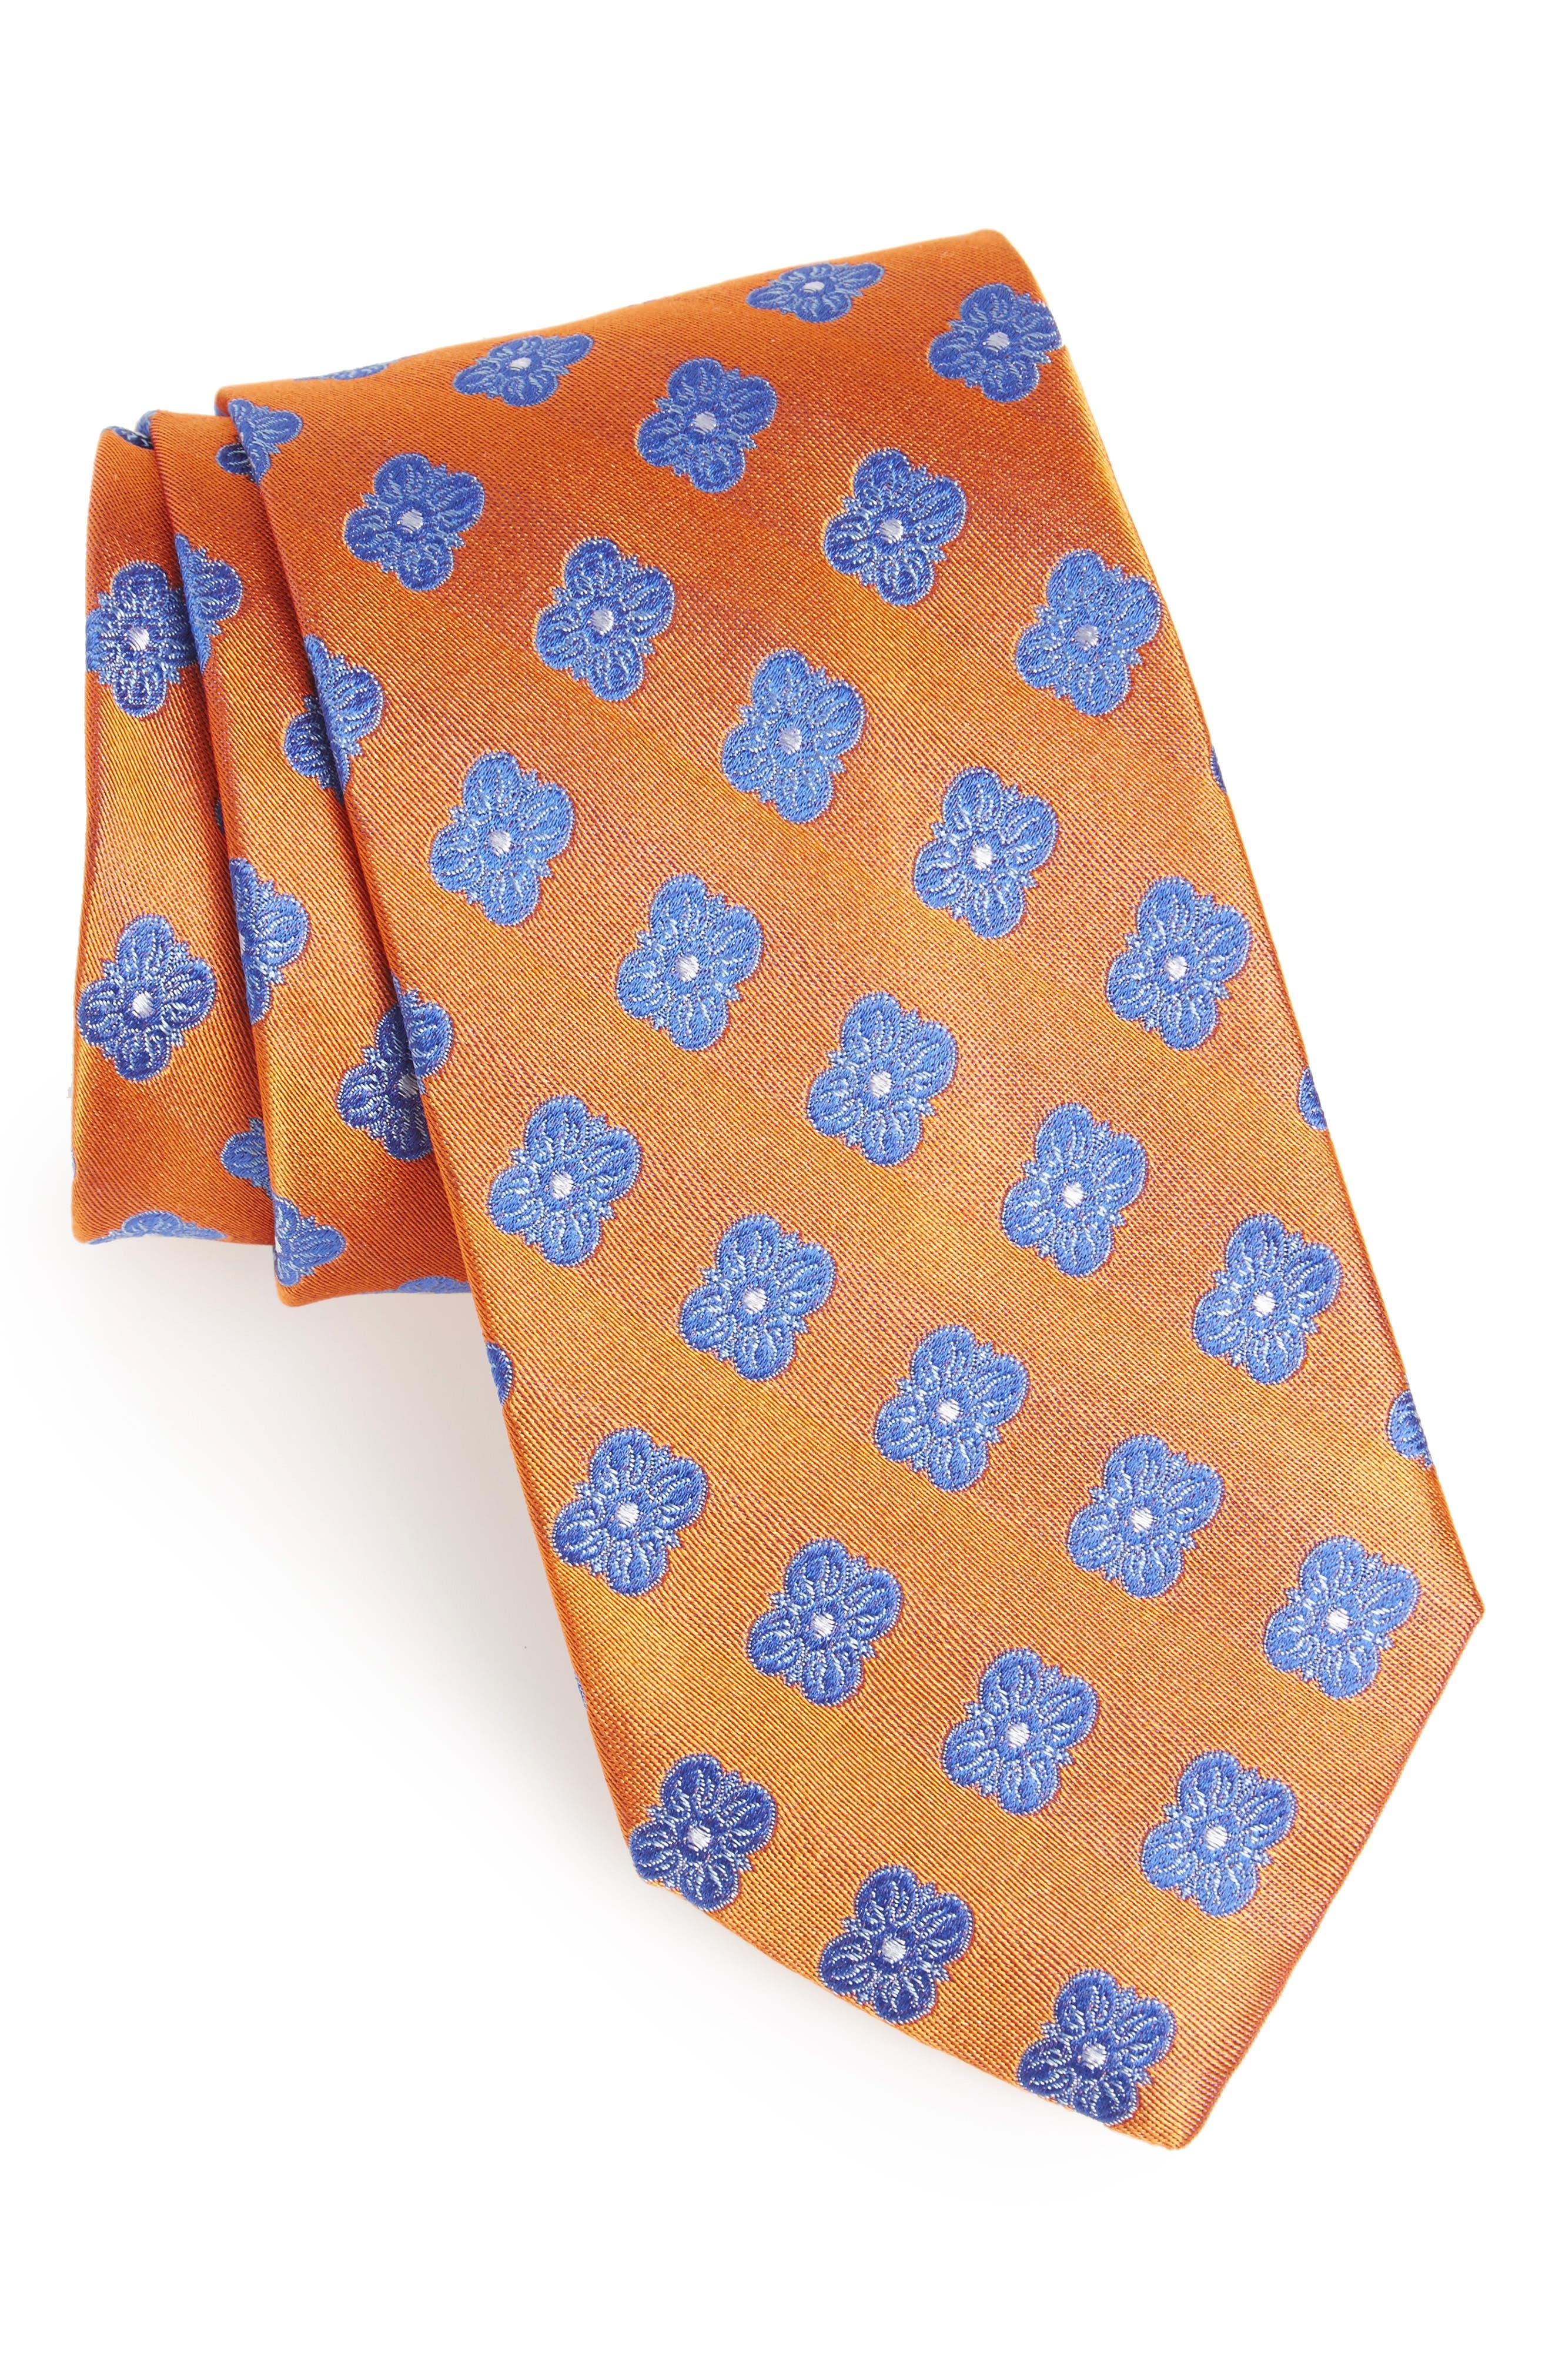 Cameron Floral Medallion Silk Tie,                             Main thumbnail 1, color,                             Orange
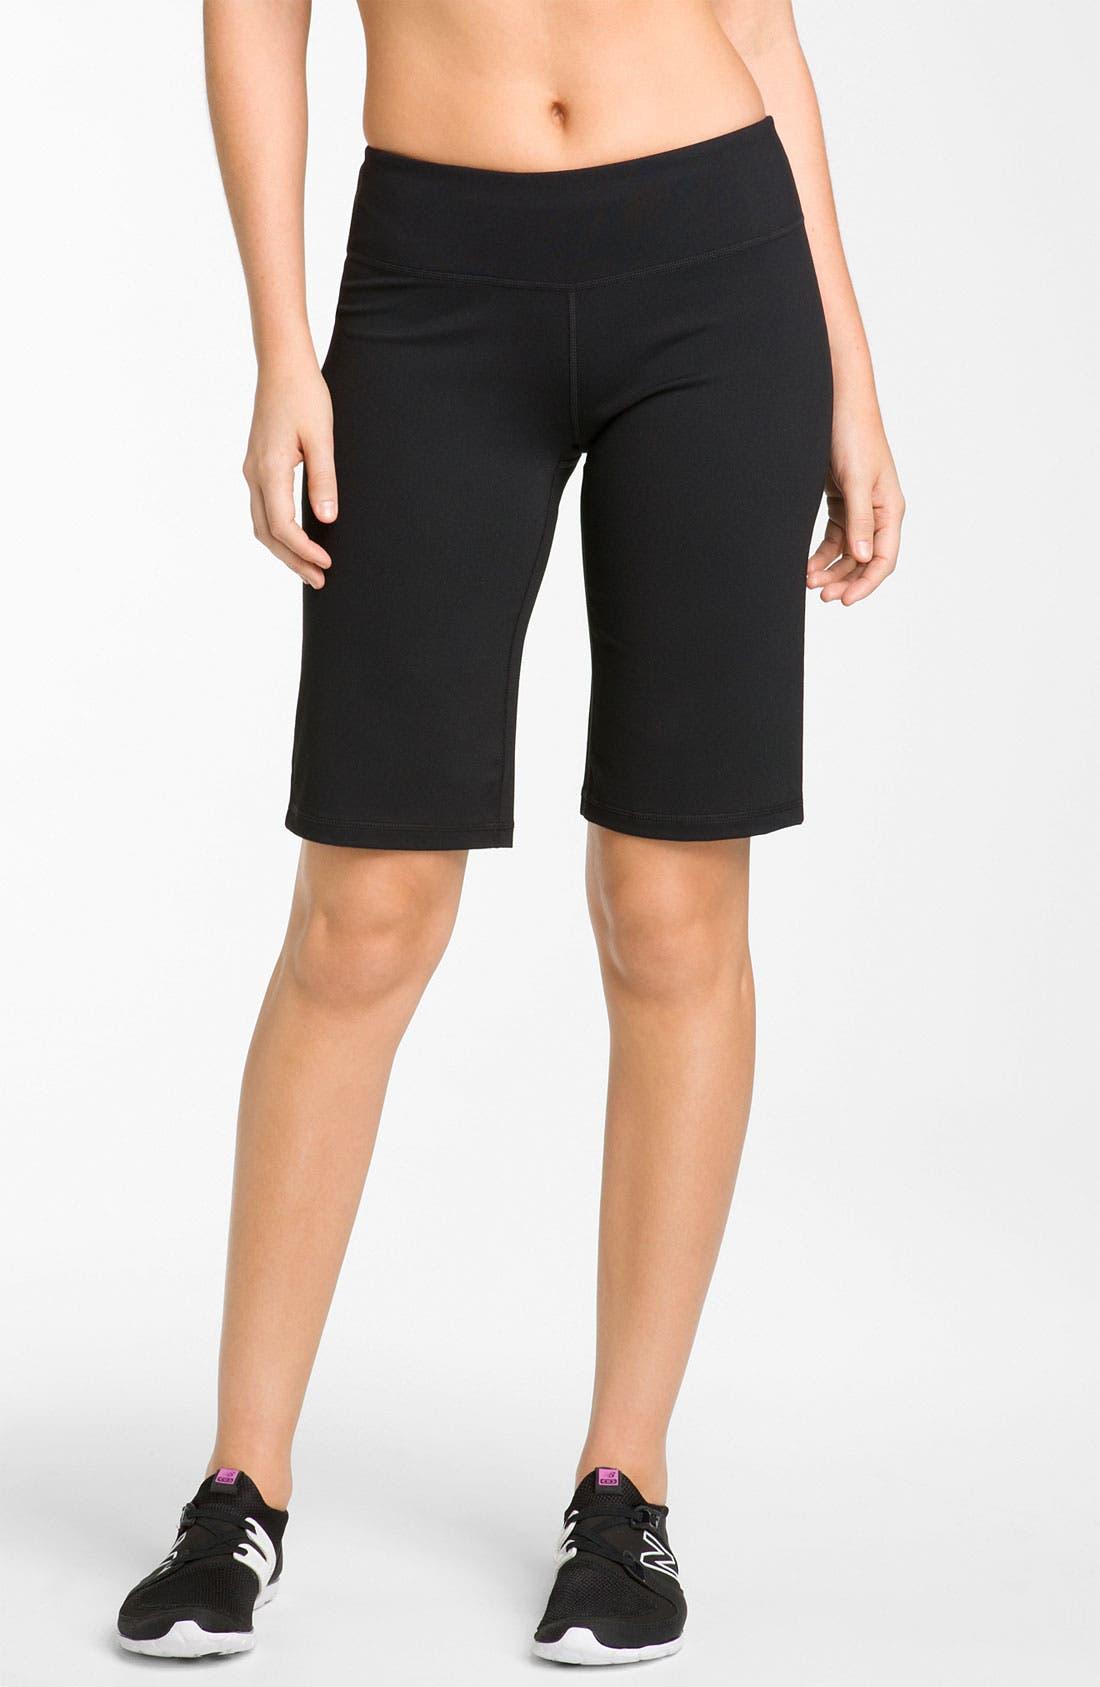 Main Image - Zella 'Balance 2' Shorts
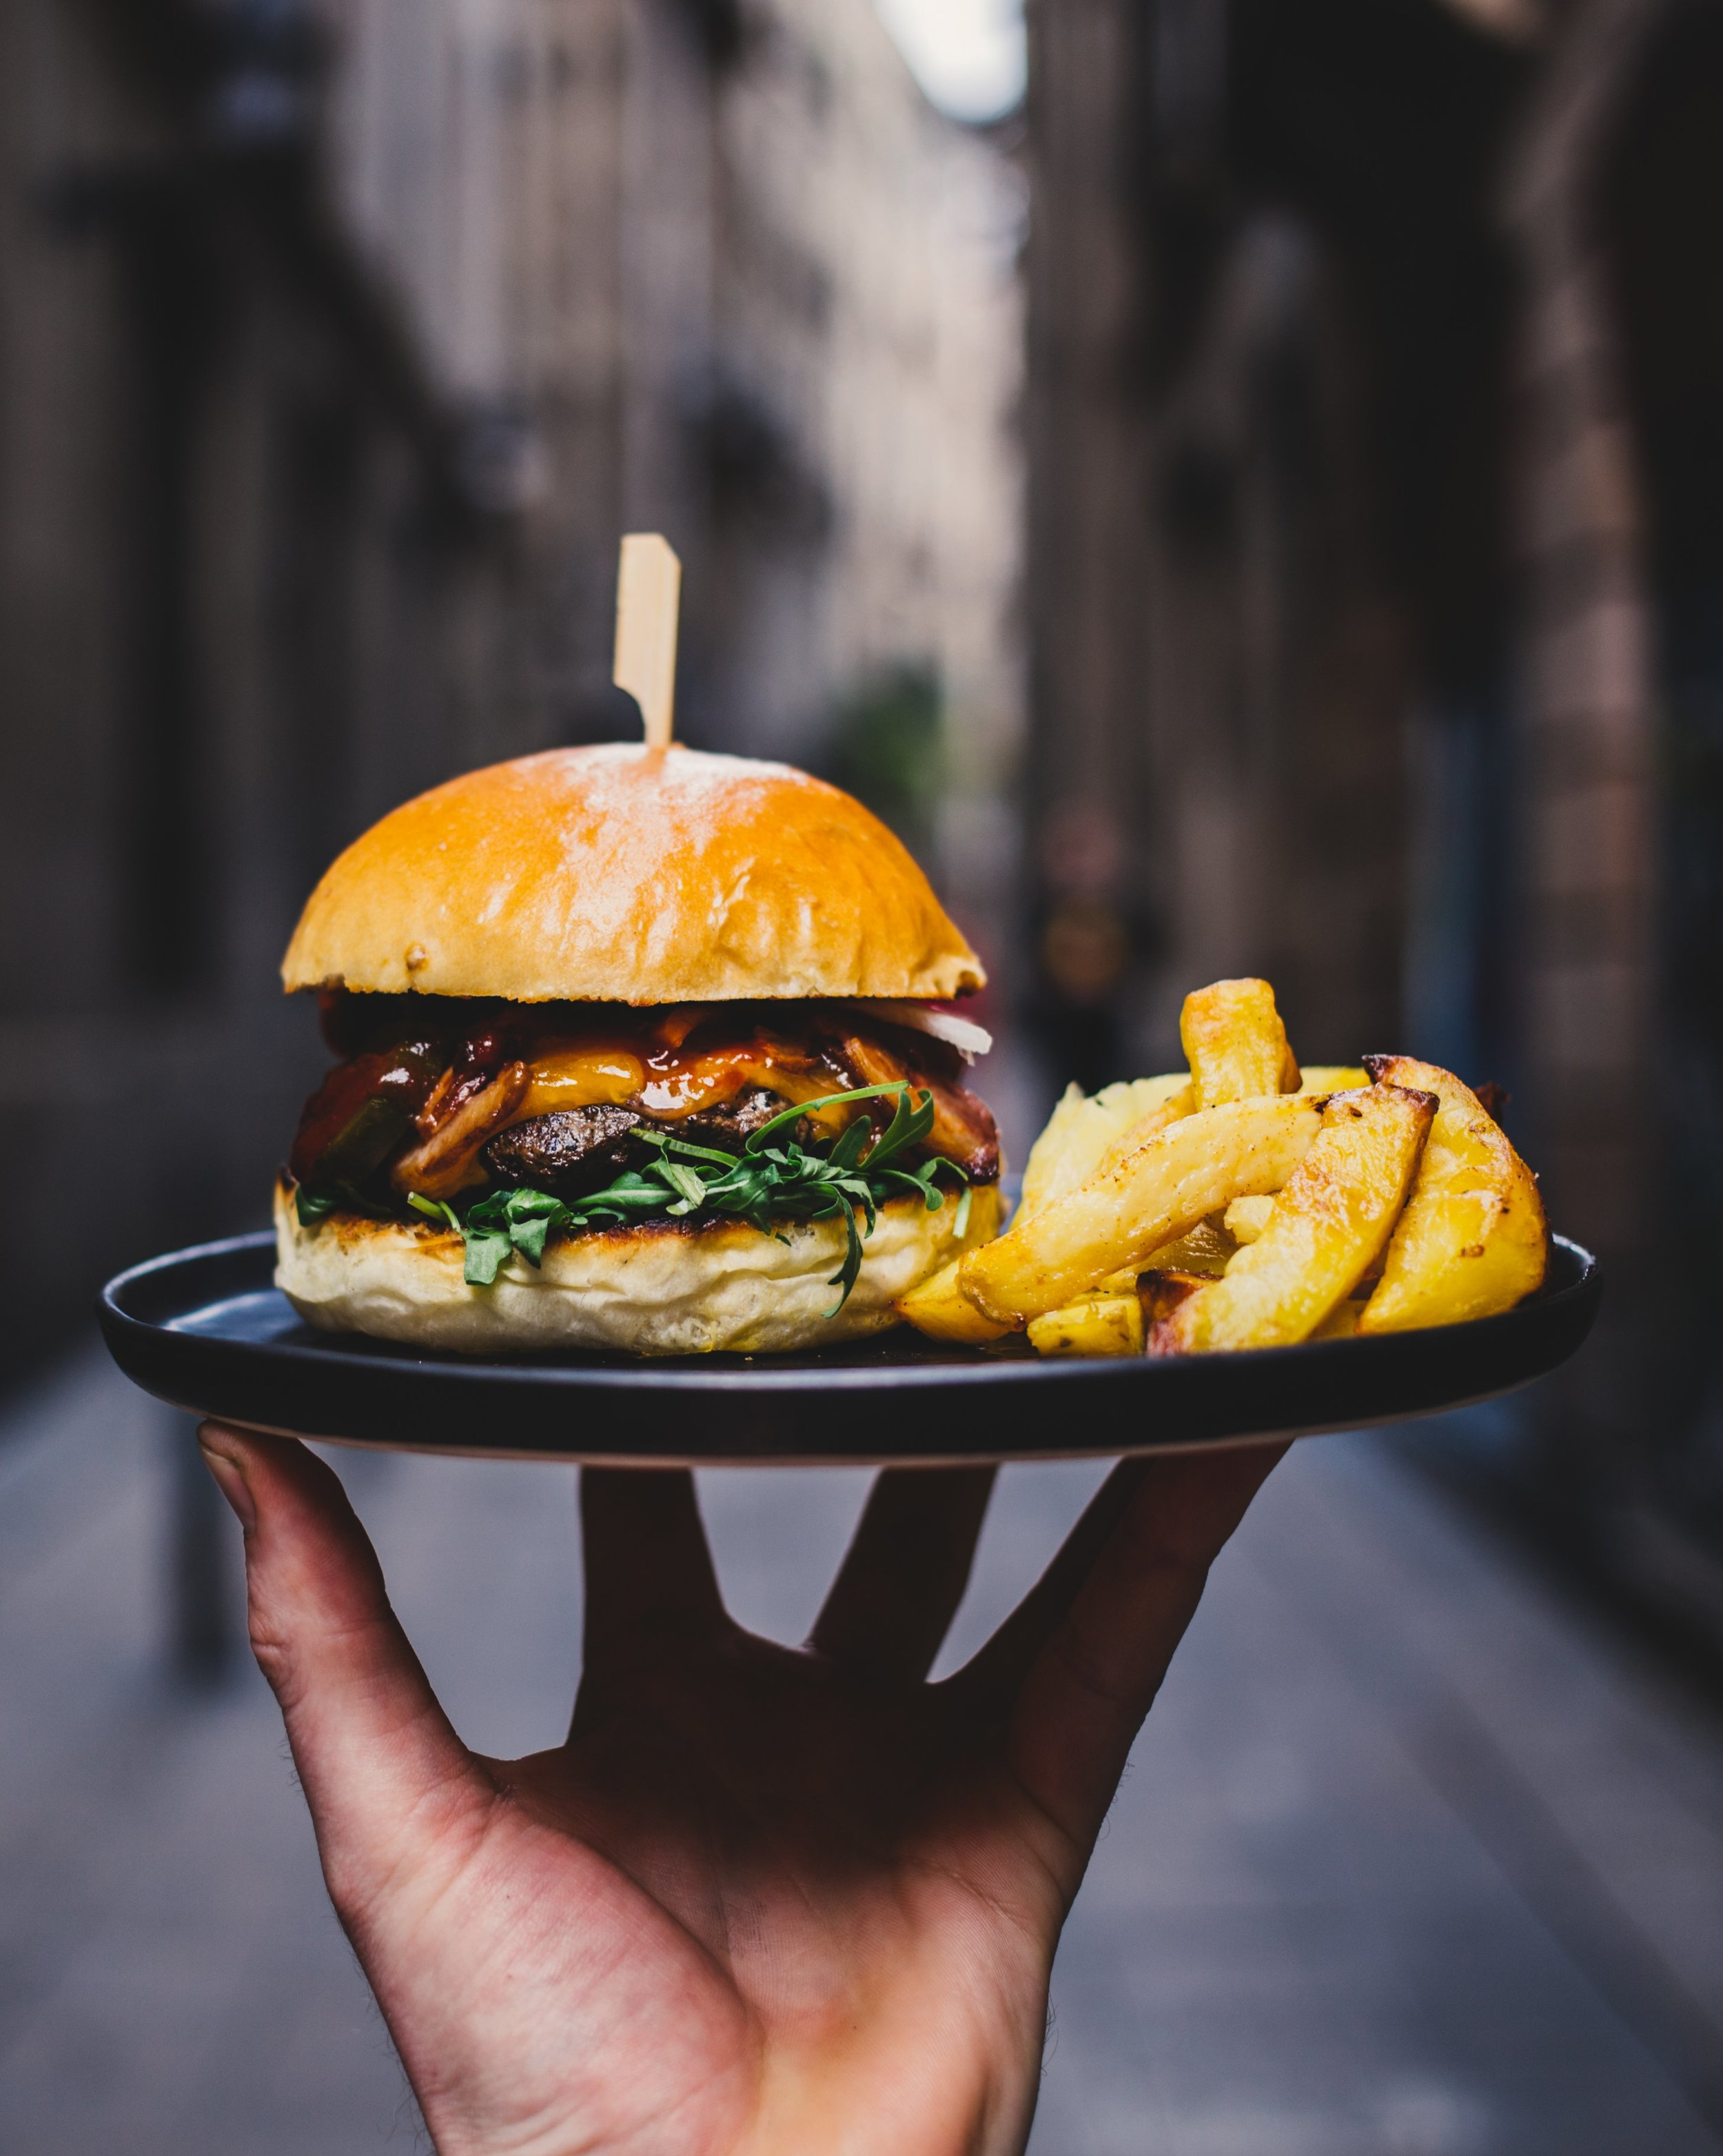 hamburger-and-fries_4460x4460.jpg

• • • • •

Quote everything in the listing above exactly; pictures are the only thing to omit.

 Cameron Floral Medallion Silk Tie,                             Main thumbnail 1, color,                             Orange
 Main Image - Zella 'Balance 2' Shorts
 hamburger-and-fries_4460x4460.jpg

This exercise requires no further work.